:: Exercise description ::
Your task is to transcribe the data exactly while omitting each picture.

:: Data ::
++++++

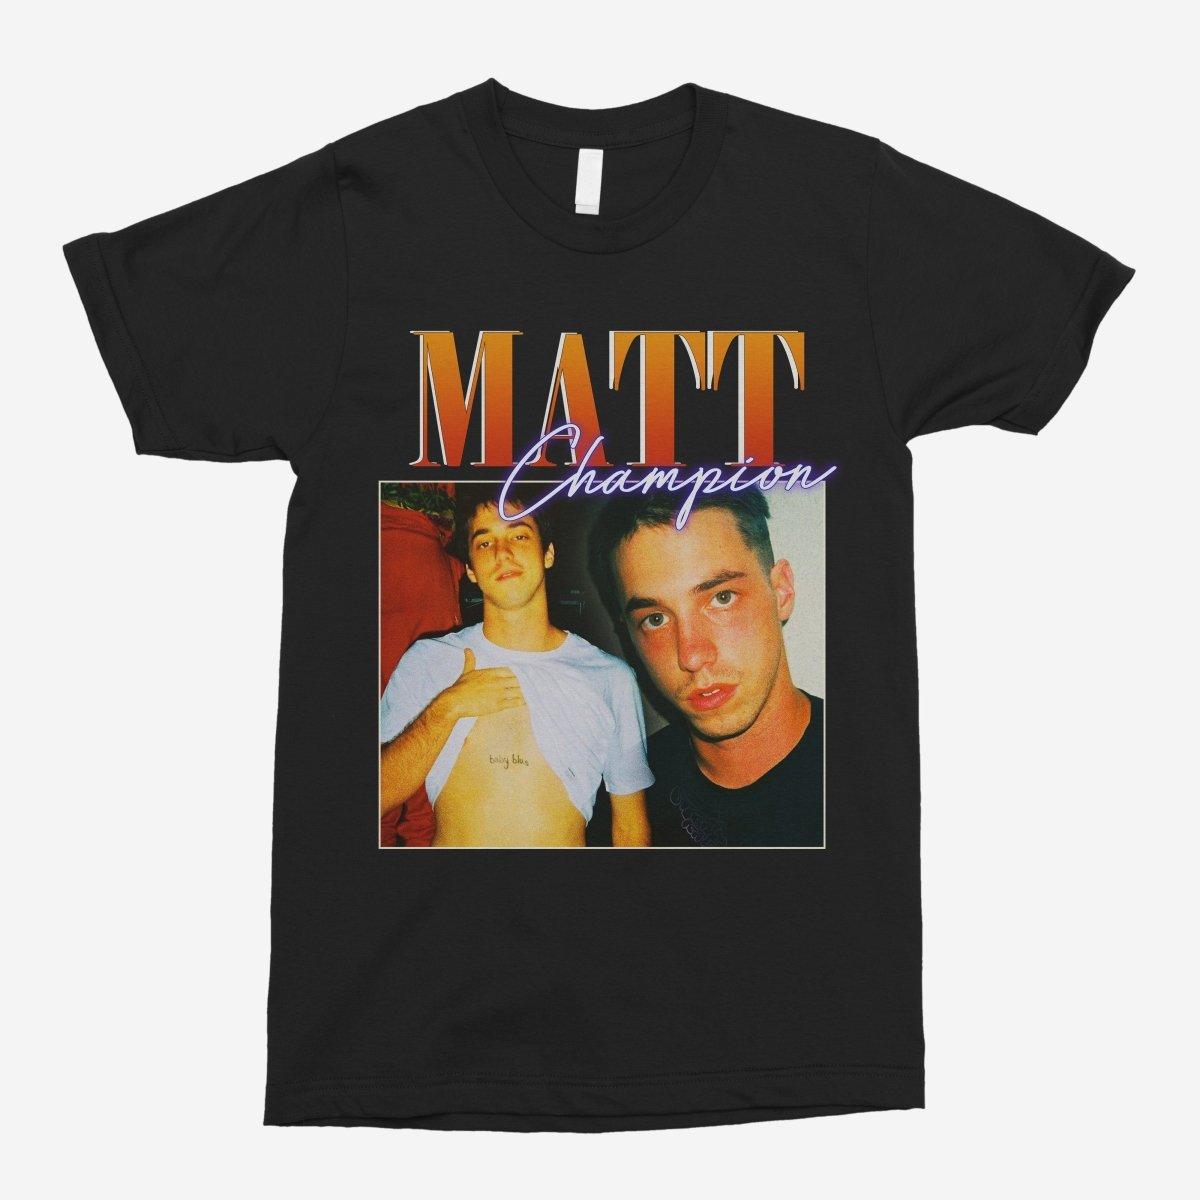 Matt Champion Vintage Unisex T-Shirt
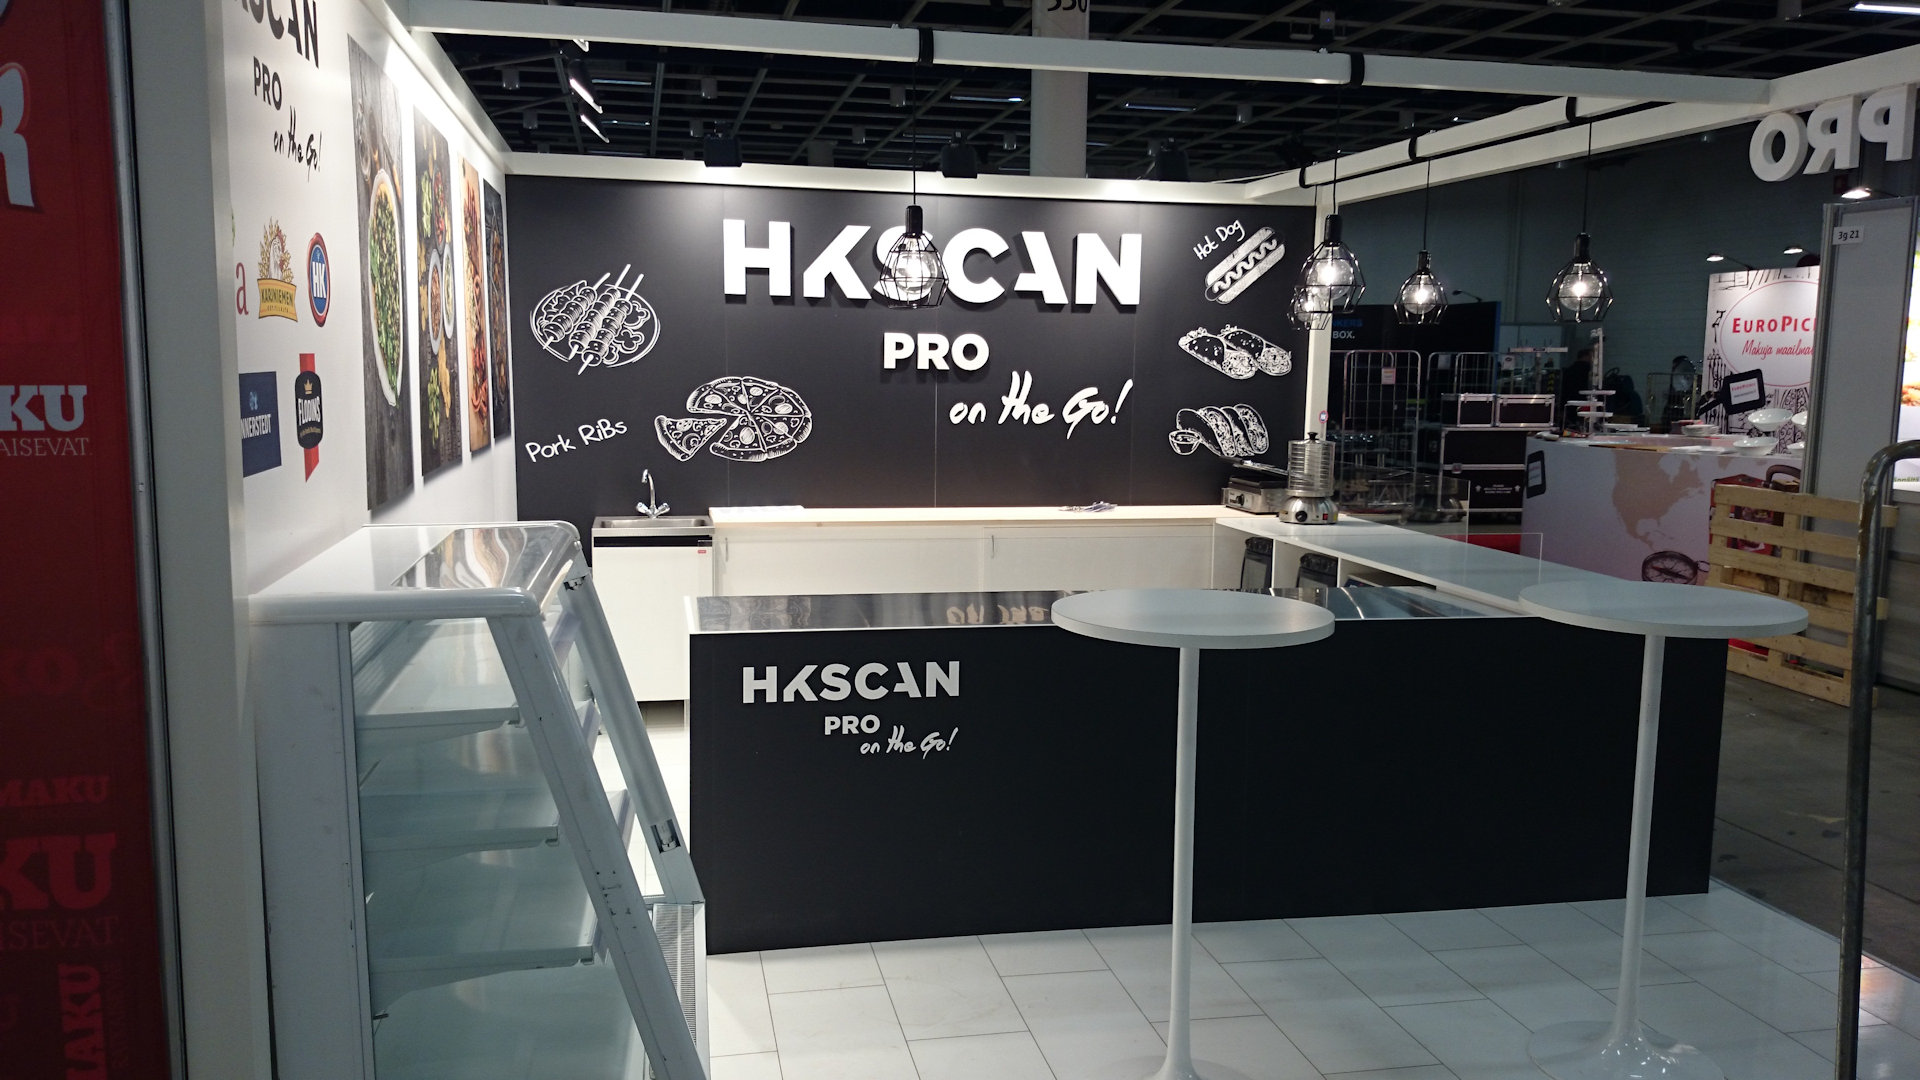 HK_Scan_Helsingi_2016_4
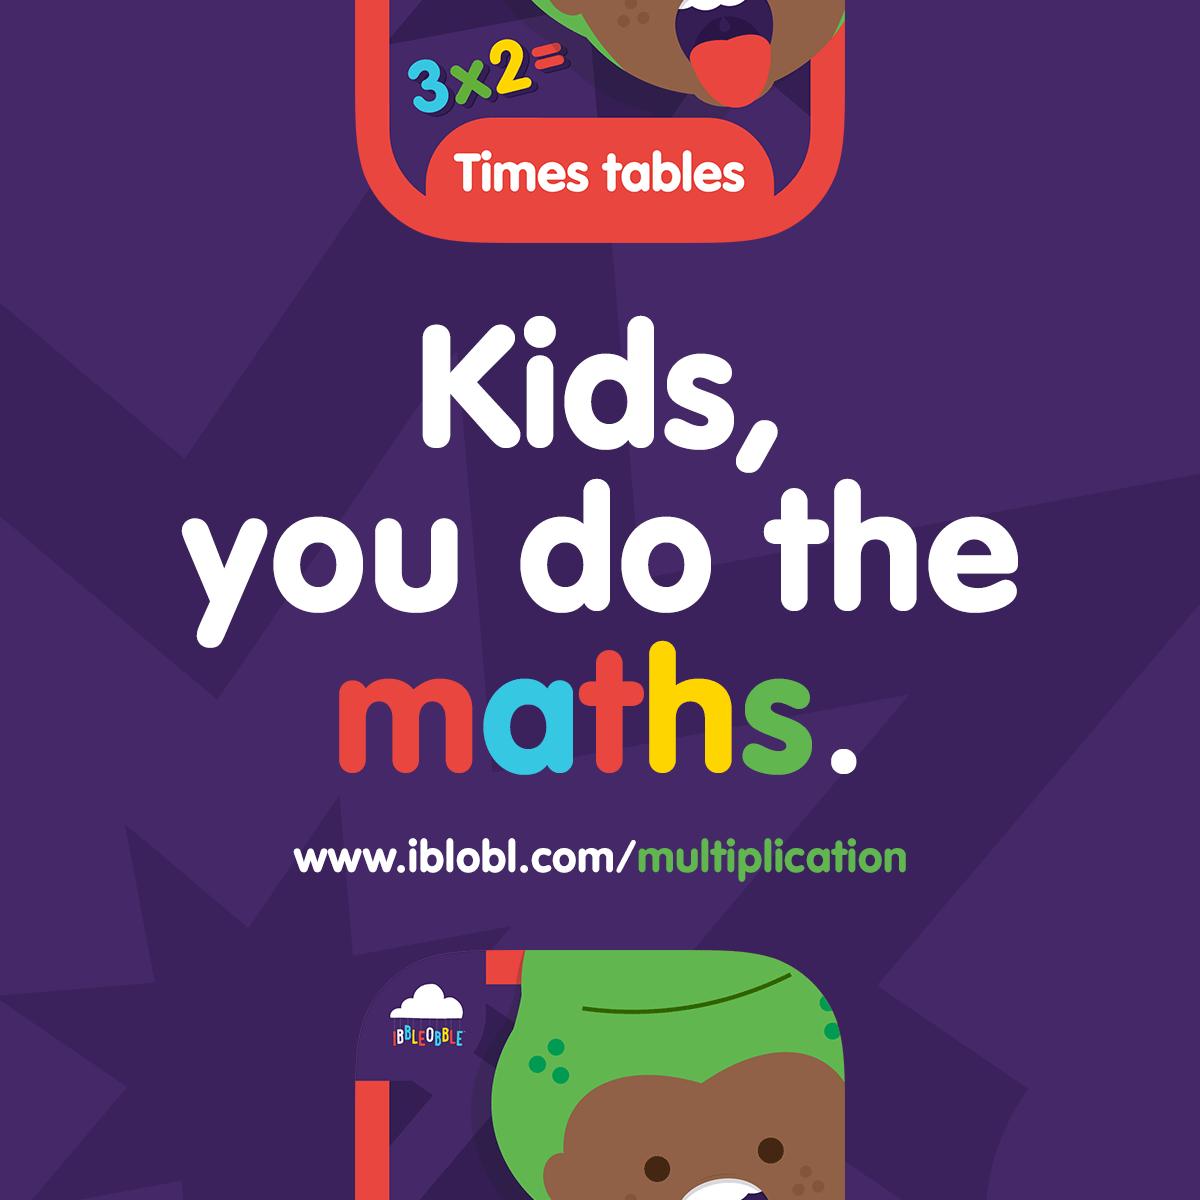 🐸 #Practice #multiplication the boring way or the FUN way... #kids, you do the #maths!     #TimesTables #Math #Mathematics #primary #primarySchool #school #WednesdayMotivation #WednesdayWisdom #WednesdayThoughts

++++++

:: Answer to this task ::
 Matt Champion Vintage Unisex T-Shirt
 HK_Scan_Helsingi_2016_4
 🐸 #Practice #multiplication the boring way or the FUN way... #kids, you do the #maths!     #TimesTables #Math #Mathematics #primary #primarySchool #school #WednesdayMotivation #WednesdayWisdom #WednesdayThoughts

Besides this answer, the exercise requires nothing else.